Identificada a primeira organela do núcleo celular (30/05/2004)

Atualmente, escolas e universidades ensinam que o núcleo da célula é composto apenas pelo material genético, chamado cromatina (DNA), pela carioteca (envoltório nuclear) e pelo nucléolo. Em alguns anos, no entanto, o retículo nucleoplasmático também fará parte da descrição do núcleo; isso porque uma equipe de pesquisadores da Universidade de Yale, nos EUA, em parceria com a Universidade Federal de Minas Gerais (UFMG), identificou e mostrou o funcionamento dessa nova estrutura, responsável por armazenar e liberar cálcio - elemento fundamental em inúmeras atividades das células, como sua multiplicação, crescimento e transcrição dos genes (produção de proteínas). A presença desse maquinário permite que vários processos sejam regulados de forma independente no núcleo.

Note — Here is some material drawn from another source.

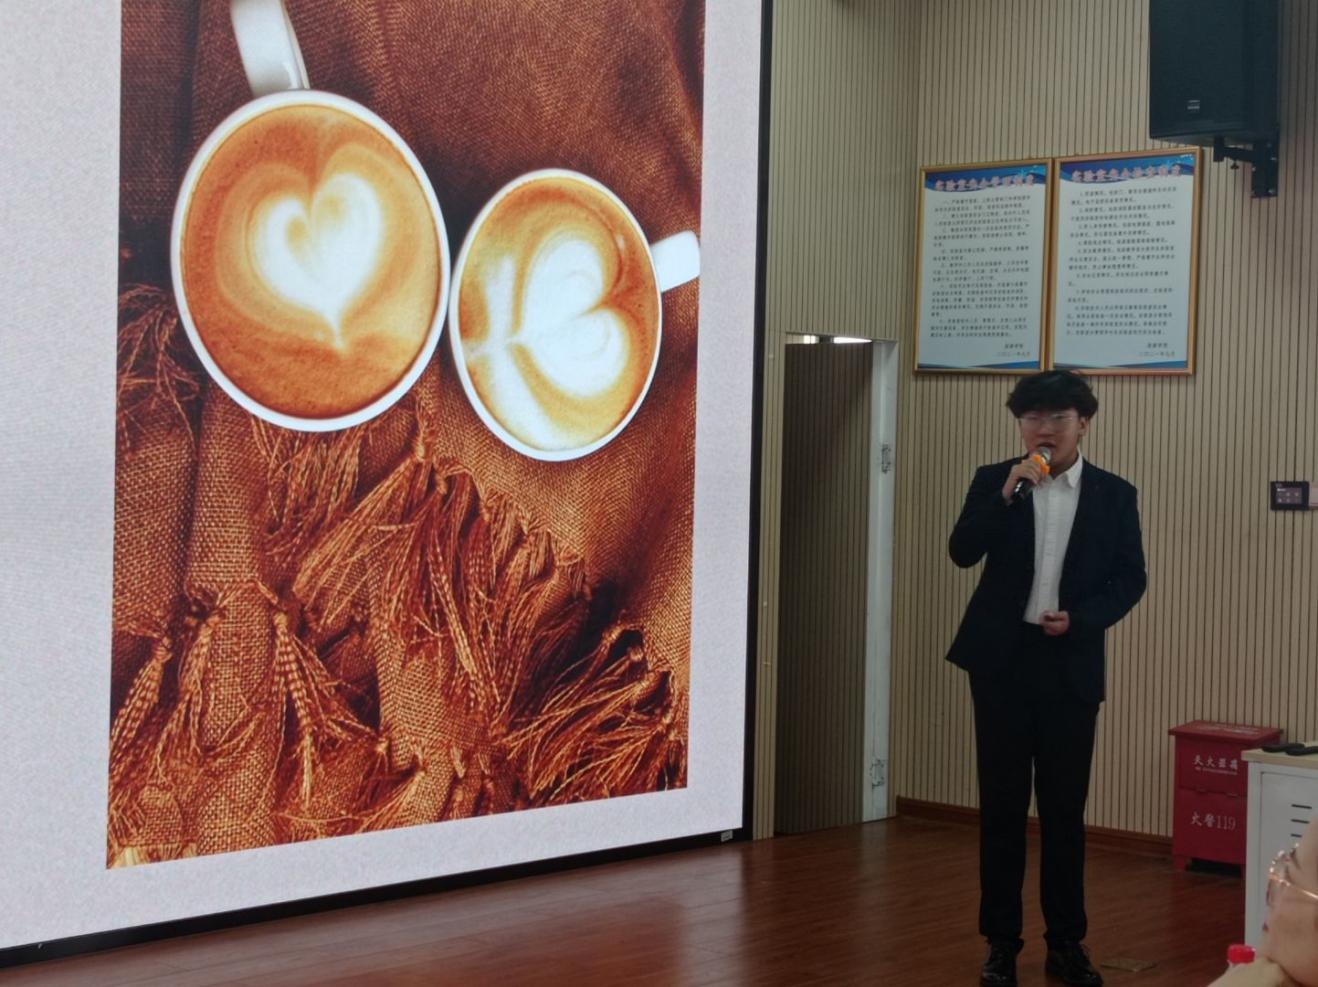 制作醇美咖啡 培养创新创业意识 提升专业素养 海南师范大学2138cn太阳集团古天乐酒店管理系 “我的

O cálcio fica armazenado principalmente dentro do retículo endoplasmático, organela do citoplasma também associada à produção e secreção de lipídeos, esteróides (hormônios derivados do colesterol), substâncias vindas do meio externo, além de estar envolvida no processo de síntese e secreção de proteínas. Até se dar a descoberta, biólogos celulares acreditavam que o cálcio entrava no núcleo vindo do citoplasma através de uma difusão, porque a parede do núcleo é bastante porosa e permite o intercâmbio de substâncias. Caso esse fosse o único meio do cálcio entrar no núcleo, este ficaria sujeito a funcionar como um compartimento único e homogêneo. Ao contrário, o núcleo é responsável por regular diversos processos simultaneamente e, portanto, fica mais fácil compreender a função de um retículo que armazene e secrete cálcio dentro do núcleo, o que permite atender diferentes necessidades locais. No núcleo, o cálcio deve regular prioritariamente a transcrição de alguns genes, que dependem deste elemento para ocorrer, e até afetar a própria estrutura do DNA, segundo afirmam os autores da pesquisa.

Embora o retículo nucleoplasmático não tivesse sido reconhecido anteriormente como sendo uma organela, já havia sido observado como sendo extensão do núcleo que estaria presente em vários tipos de células dos mamíferos. Essa descrição se confirma, já que o recém descoberto retículo nucleoplasmático está fisicamente ligado tanto ao retículo endoplasmático quanto à membrana nuclear, ou envelope nuclear.

O que impossibilitou a observação prévia do retículo no núcleo foi a falta de um microscópio de alta resolução, segundo explica Maria de Fátima Leite, do Departamento de Fisiologia e Biofísica do Instituto de ciências Biológicas da UFMG e uma das autoras da pesquisa. Para a realização desse estudo, Leite e seus colegas da Yale utilizaram o microscópio Two Photon, de alta resolução. Como diz o nome, ele utiliza dois fótons que incidem simultaneamente sobre o material, diminuindo os danos causados às estruturas celulares e também aumentando a resolução da imagem. Esse tipo de microscópio não existe no Brasil e, mesmo nos EUA, existe em número reduzido. Para a realização da pesquisa, a equipe teve de adaptar o microscópio para a observação da microestrutura nuclear, contando, para isso, com a colaboração do físico Michael Nathanson, da Universidade de Cornell, no estado de Nova Iorque, que duplicou a freqüência dos fótons.

Os núcleos observados foram extraídos de células hepáticas (do fígado) de ratos, mas posteriormente observou-se a mesma organela em núcleos de células de ovário de hamsters e de células do coração e cérebro de camundongos. "Parece ser uma característica universal", opinou a pesquisadora brasileira. Embora as pesquisas em células humanas não tenham sido feitas, esta descoberta irá possibilitar muitos estudos em diferentes tipos de células e espécies.

"Acho que essa descoberta é algo fantástico, que veio para ficar. É como descobrir um novo órgão", compara, entusiasmada, a bióloga da UFMG. De agora em diante, outras pesquisas deverão ser conduzidas de forma a melhor compreender a regulação dos sinais de cálcio e mapear os tipos celulares e espécies de eucariotos (organismos que possuem células com núcleo organizado) que venham a ter o retículo nucleoplasmático. Mas a presença dessa organela no núcleo deverá revelar novas funções de controle nuclear do cálcio.

A pesquisa foi publicada em forma de artigo na revista científica britânica Nature Cell Biology em 22 de abril passado e já repercutiu de forma positiva na comunidade científica em editorial na norte-americana Science (9 de maio de 2003), na The Journal of Cell Biology (vol. 161, N.4, 2003) e em julho, será publicado no editorial da. Nature Reviews Molecular Cell Biology.